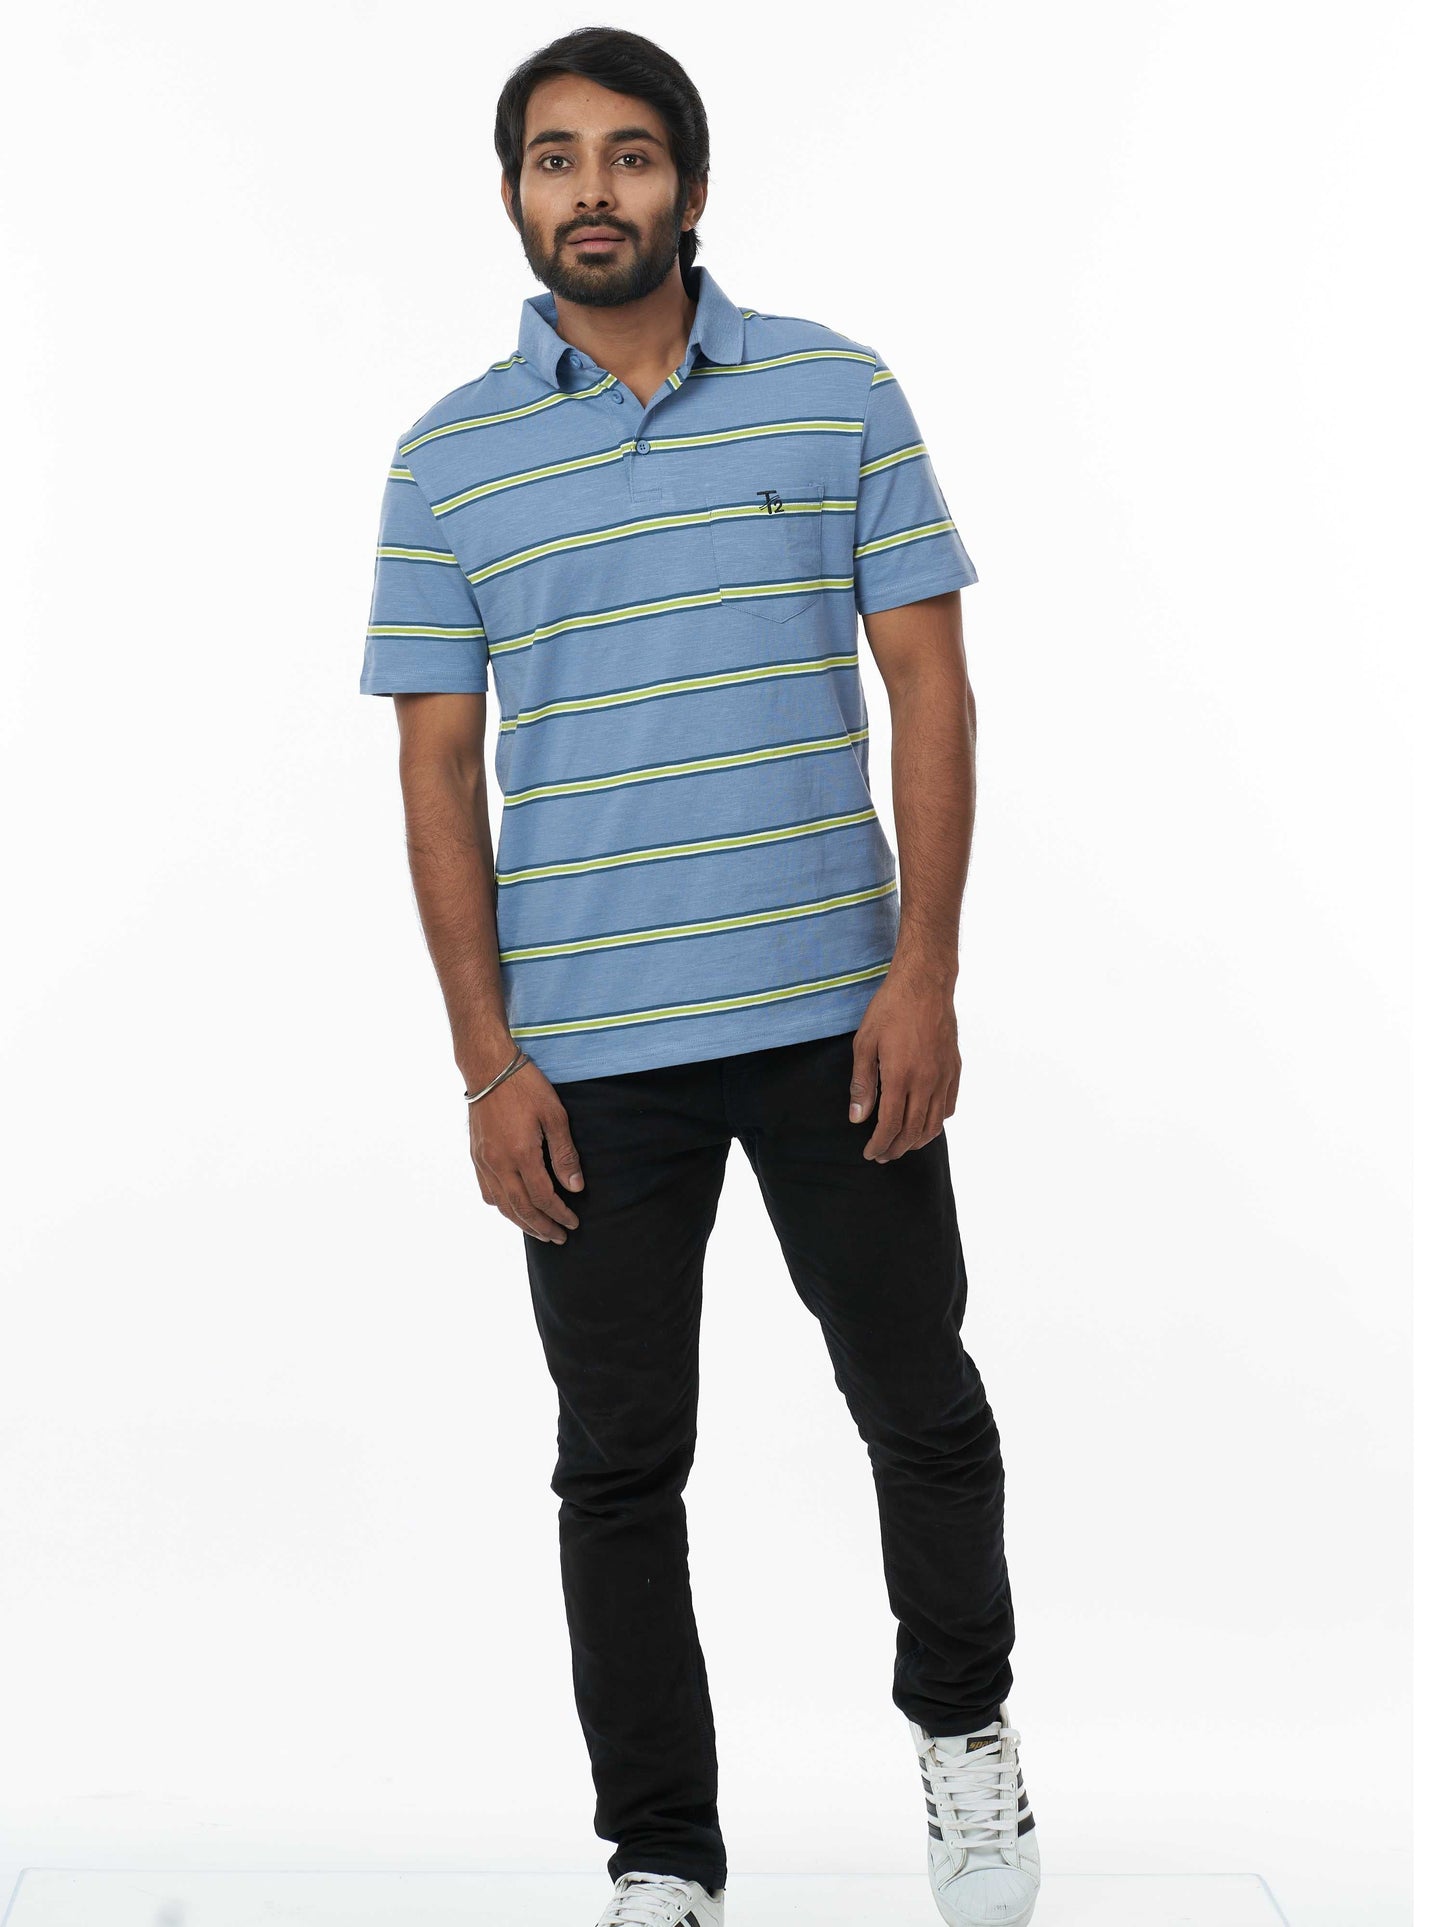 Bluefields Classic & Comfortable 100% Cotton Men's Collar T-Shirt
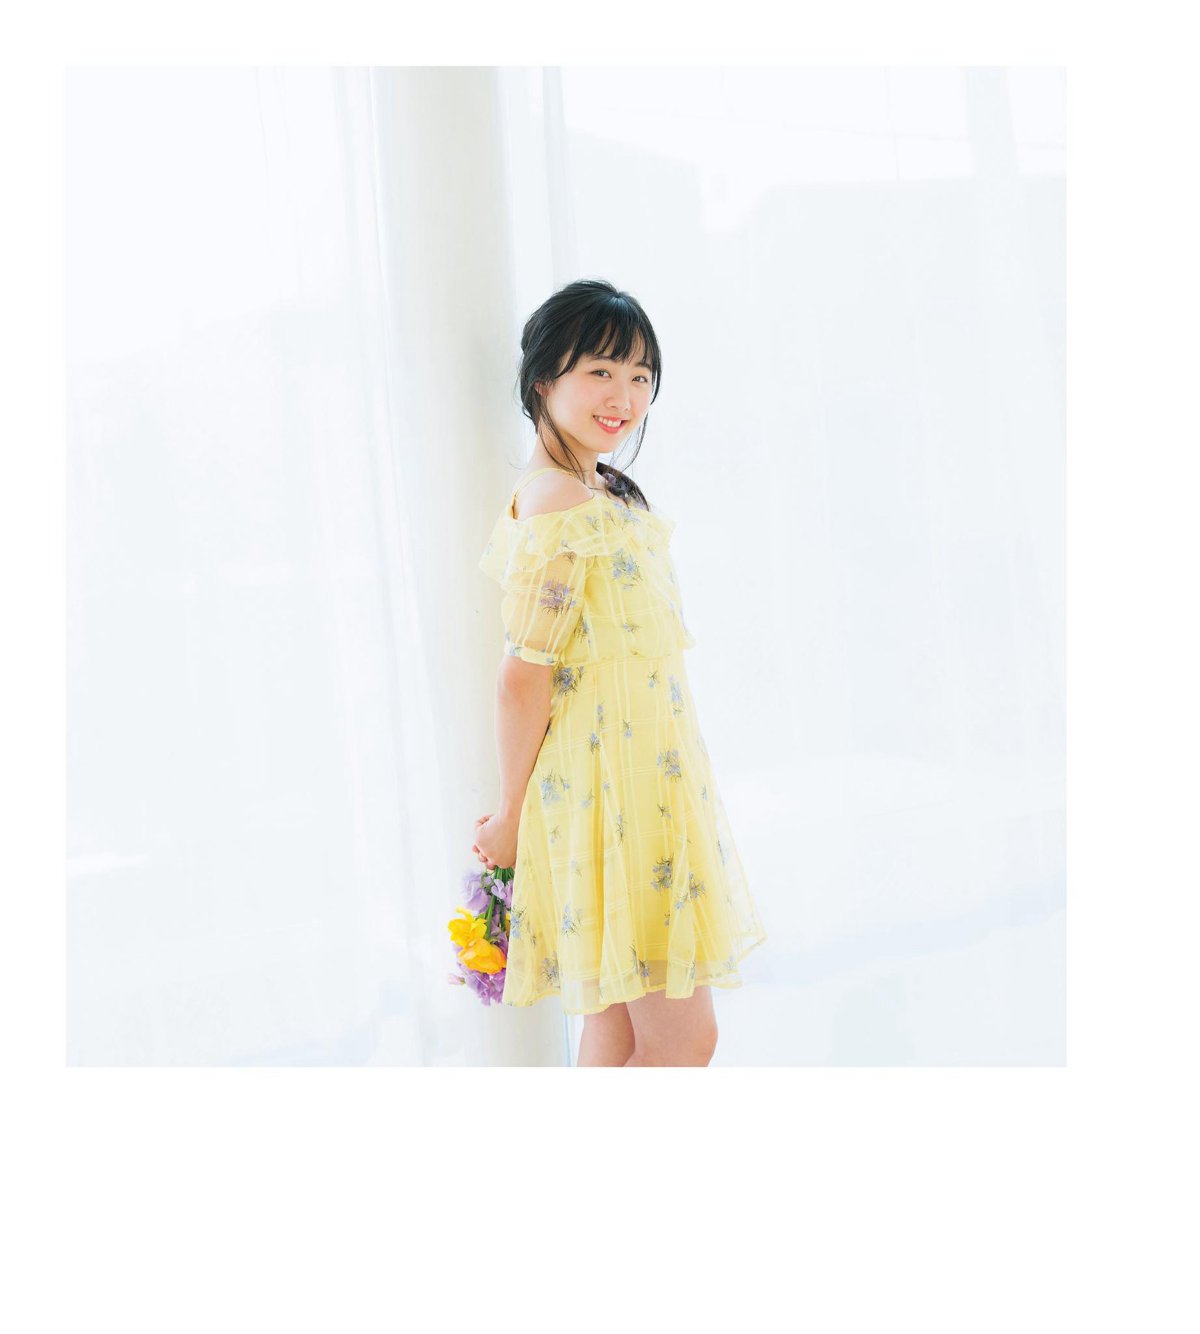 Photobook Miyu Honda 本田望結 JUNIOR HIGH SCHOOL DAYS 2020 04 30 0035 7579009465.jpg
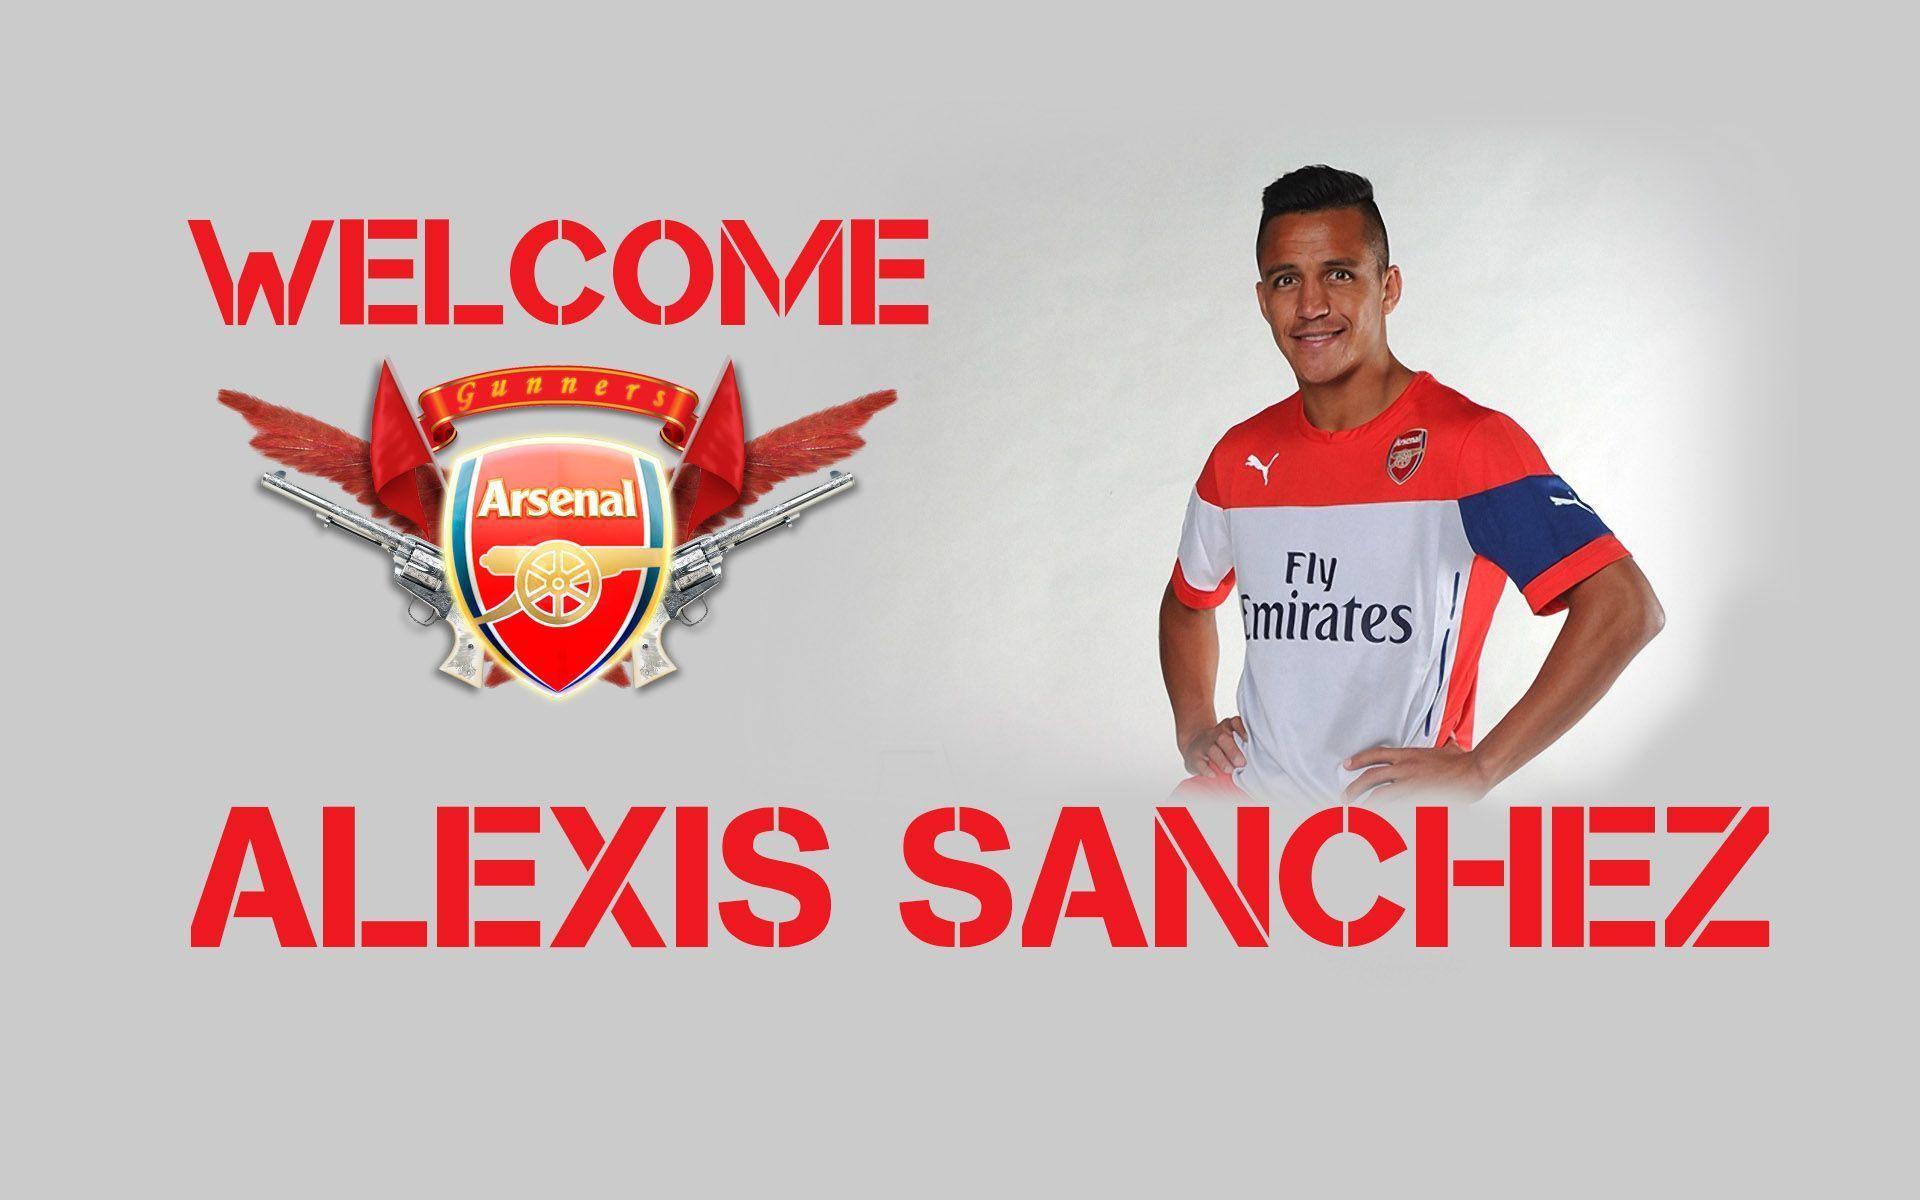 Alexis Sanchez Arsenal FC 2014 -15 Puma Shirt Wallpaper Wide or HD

☆ ☆ ☆ ☆ ☆

• _YOUR INSTRUCTIONS_: Images in the data above are to be skipped. Retype all other material exactly.

• _OUTPUT BELOW_:
 Bluefields Classic & Comfortable 100% Cotton Men's Collar T-Shirt
 Photobook Miyu Honda 本田望結 JUNIOR HIGH SCHOOL DAYS 2020 04 30 0035 7579009465.jpg
 Alexis Sanchez Arsenal FC 2014 -15 Puma Shirt Wallpaper Wide or HD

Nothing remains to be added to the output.